Music to my ears, exactly what I had intended, if a bit florid in the retelling. But all I said was, “Sounds to me like he was having an art attack.”
Umlah said, “A hundred apiece for these four?”
“You bet.” And to Shuggery: “I think Walker was pulling your leg.”
“She thinks Walker was pulling my leg,” he said.

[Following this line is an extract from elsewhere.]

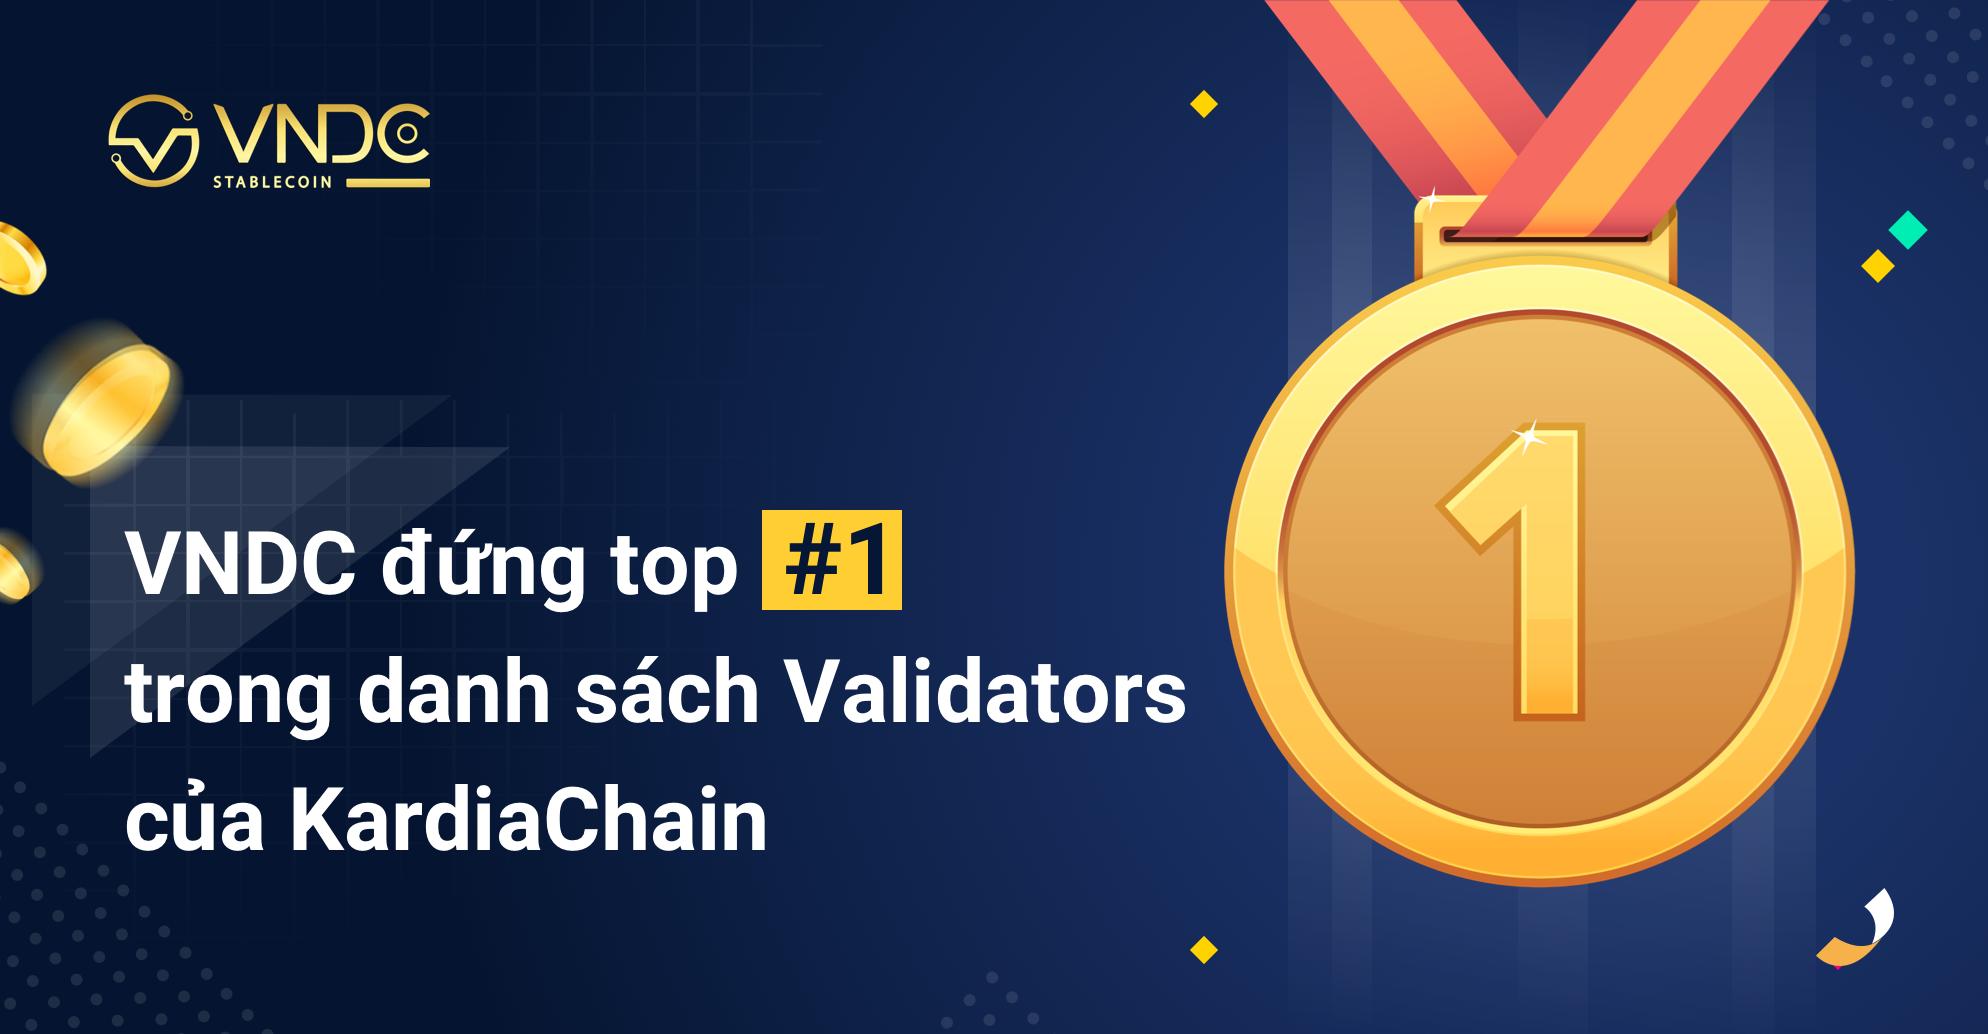 Tặng 100 triệu VNDC cho các Delegators stake KAI tại VNDC Wallet Pro Validator

“All those arts. Arts and flowers. Art strings. Art and soul. Bleeding art. He gave you the business. The world’s the same, more or less,” I said. “Ain’t it? Besides, Walker Evans is employed by the Farm Security Administration, They pay him to say things like that.”
Umlah said, “From here to the fire alarm on that wall, all sixties.”
“You’re the boss,” I said. I heard him hungrily licking the labels and I thought: I’ll never take another picture in this condition — it’s money in the bank.
“They’re as timeless as paintings,” said Iris. “That’s what he was really saying.”
“Shit and derision,” I said. “That’s a silly comparison. People are always saying that, but what’s so great about paintings? Paintings look so confounded wet to me, as if you’d get sticky stuff on your fingers if you touched them — ketchup, axle grease, marmalade and jam. I’m not talking about your Van Goghs and your Rembrandts, though some of those Van Goghs drip like crazy and I’ve seen Rembrandts that look like melted cheese on burned toast. But this modern junk! Rotting candy, discombobulated people, Cubists with rulers! They’re decorations, aren’t they? They’re supposed to match the color scheme in your breakfast nook. Don’t talk to me about Steichen — I know he’s a painter, too, but if his house caught fire you can bet your bottom dollar he’d come rushing out with an armload of his own negatives. Look, paintings are for museums — museums are just churches, all that tiptoeing around, everyone whispering. Or the decoration angle—‘Let’s brighten up that corner with a nice blue Winslow Homer’—that sort of thing.”